I feel weird, beyond weird, and barely reciprocate when Charlie presses his lips to mine. He pulls back, confused at kissing a mannequin.
“Everything okay?” he asks, tucking my hair behind my ear.
“Hmm? Yeah. Fine.” But I’m not fine; I’m the opposite of fine. There’s no way I’m going to survive a whole day under this roof where Charlie and Kim could potentially be falling in love. No. I need to get some clarity, and nothing in these textbooks will provide me the answers I need.
It’s taking me five times longer than normal to process every word. My heart is beating so loud I may as well be listening to death metal with noise-canceling headphones.
Charlie looks at me like he’s worried I’m having a stroke. “Okay…but will you be fine, partner? You seem a little…unhinged.”
Oh, it’s nothing. I’ve faced goblins and vampires and more, but it’s adorable transfer students that have me shaking in my knee socks.
When the bell rings, I walk past Calculus and right out the back door. I walk all the way home, in fact, my thoughts playing on an unhelpful, psychotic loop.
I like him. I like him so much. It’s kind of unreal how fast and hard I’ve fallen for Charlie. My work has always prepared me for the worst; for every happy ending I’ve witnessed, there have been ten more train wrecks piled behind them, the dust of their wreckage clouding my vision. That sediment started clogging my arteries, making me feel like love would never truly course through my veins. And now, after I JUST opened myself up to romantic possibilities, I feel like it’s all being taken away from me. It’s not fair, the timing is insane: soul mates meeting in high school? What are the odds of that? Like, 1 percent of the population?! They couldn’t have met in college, or through some horrible online dating app like normal people? GAH!

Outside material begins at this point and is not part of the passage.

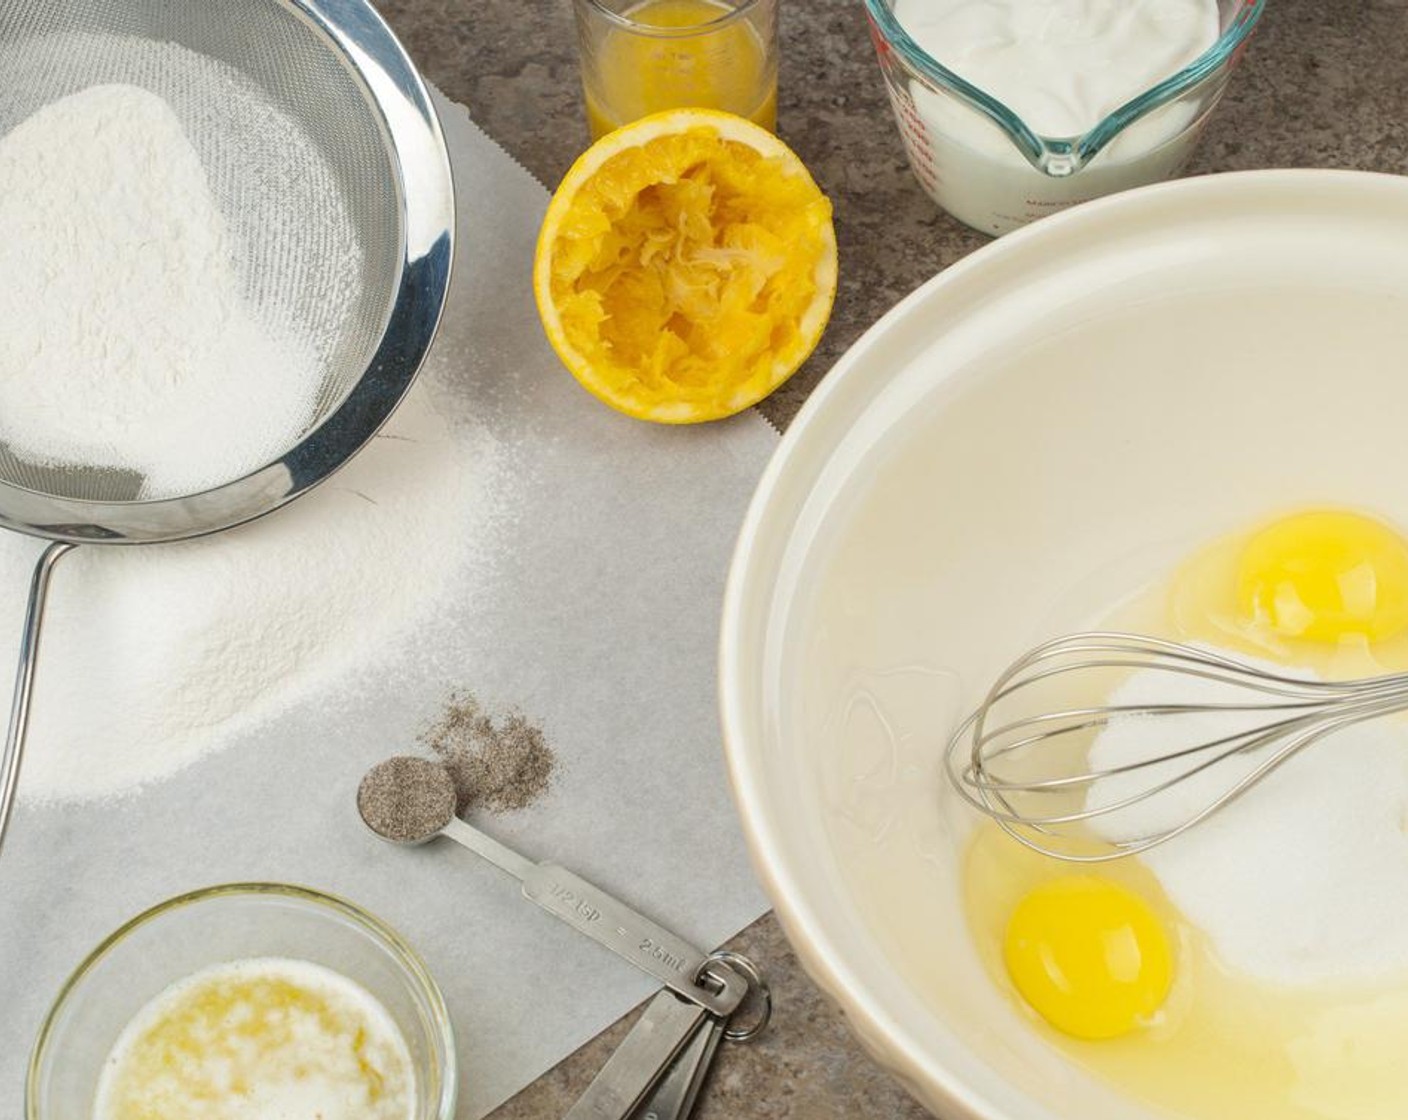 step 3 In a large bowl using an electric mixer beat together Granulated Sugar (1 cup), Farmhouse Eggs® Large Brown Eggs (2), and 2 tsp zest from Oranges (2) until light, creamy and triple in volume, approximately 3-4 minutes.
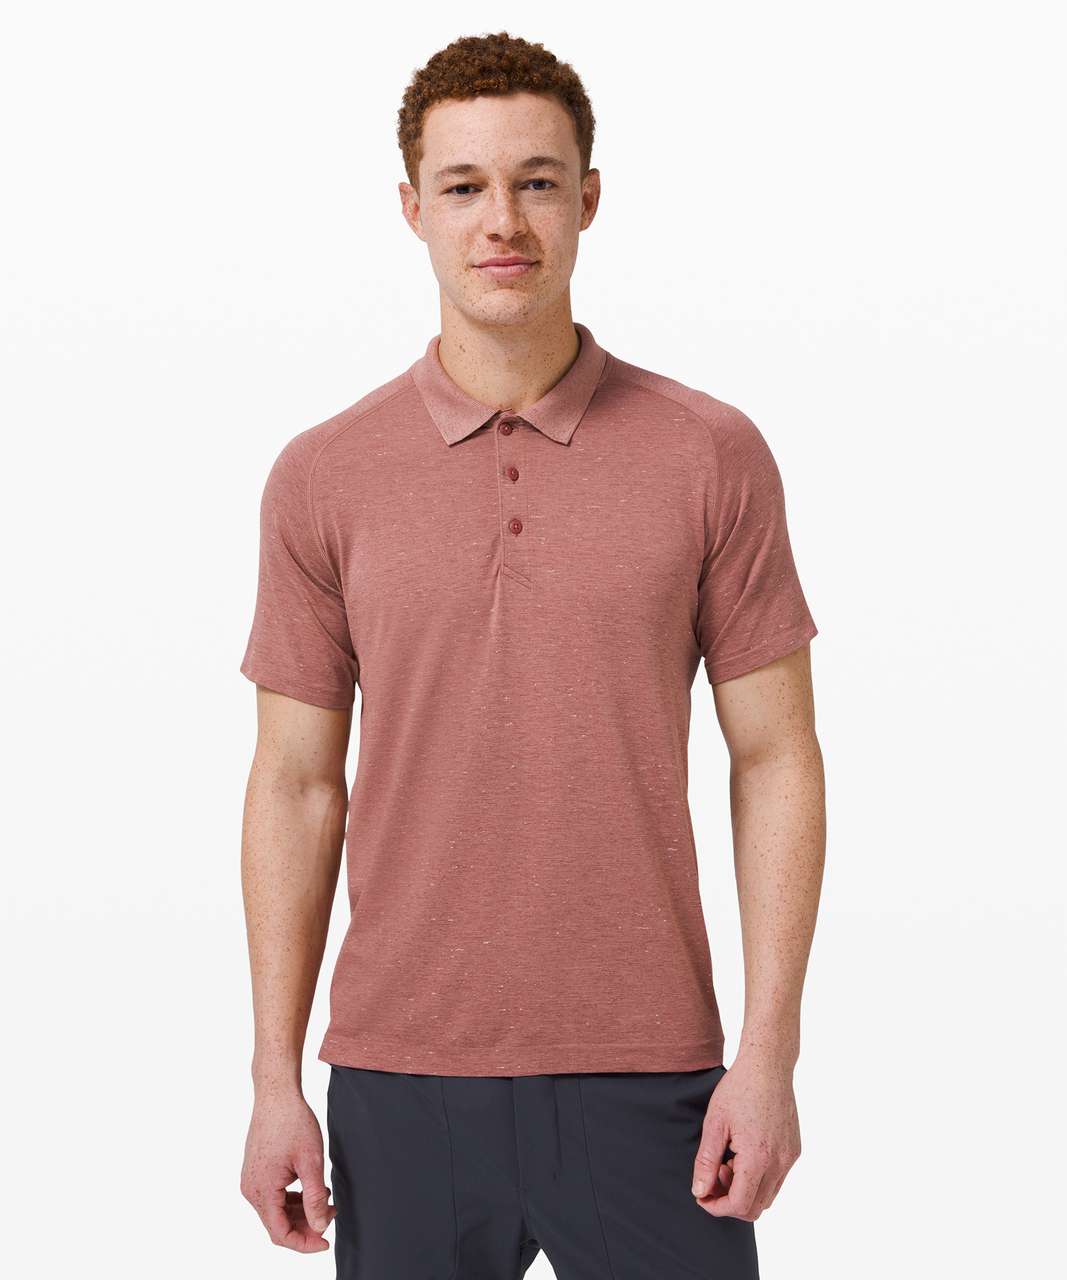 Lululemon Metal Vent Tech Polo 2.0 - Cosmic Shift / Smoky Red / White / Chalky Rose

And yet…I brought this on myself. I let myself be swayed by Charlie sans warranty, and now here I am, with a relationship set to expire. What am I supposed to do? Step aside gracefully and just let the inevitability of Charlie and Kim happen? Or keep on moving forward, letting myself grow more and more attached to him until his fated departure would truly be heartbreaking?
I go straight home and hide in my bed, ignoring my phone and doing everything in my power to turn off my head. Suddenly, I’m struck with an idea. A stupid idea, to be sure, but since I’m home alone and have no one around to stop me, I act before I can talk myself out of it. I charge into Mom’s office, grabbing the jar of white incantation sand off one of the many shelves. I open the lid and start hastily making a circle on the floor. It comes out lopsided—more of an ellipse than a circle—but it doesn’t matter. I light whatever candles are within arm’s reach and place them in the center.
I don’t care if I’m not a witch. I’ve seen this done a hundred times; I know I can do it.
I’m going to conjure the Fates.
I SIT CROSS-LEGGED ON A pillow on the line of sand, breathing in the conflicting candle scents. If I weren’t in such a messed-up state of mind, I’d probably think twice about asking one of the Fates into my home; if I can get one here, he or she will not be happy about being conjured by a lowly matchmaker. But so what? Only the Fates can explain to me why this is happening, so I don’t give a crap what kind of mood I’m met with.
I close my eyes, running my lines internally before speaking aloud. I’ve heard the spiel before, but the words have never crossed my lips. There’s no room for error if I want this to work.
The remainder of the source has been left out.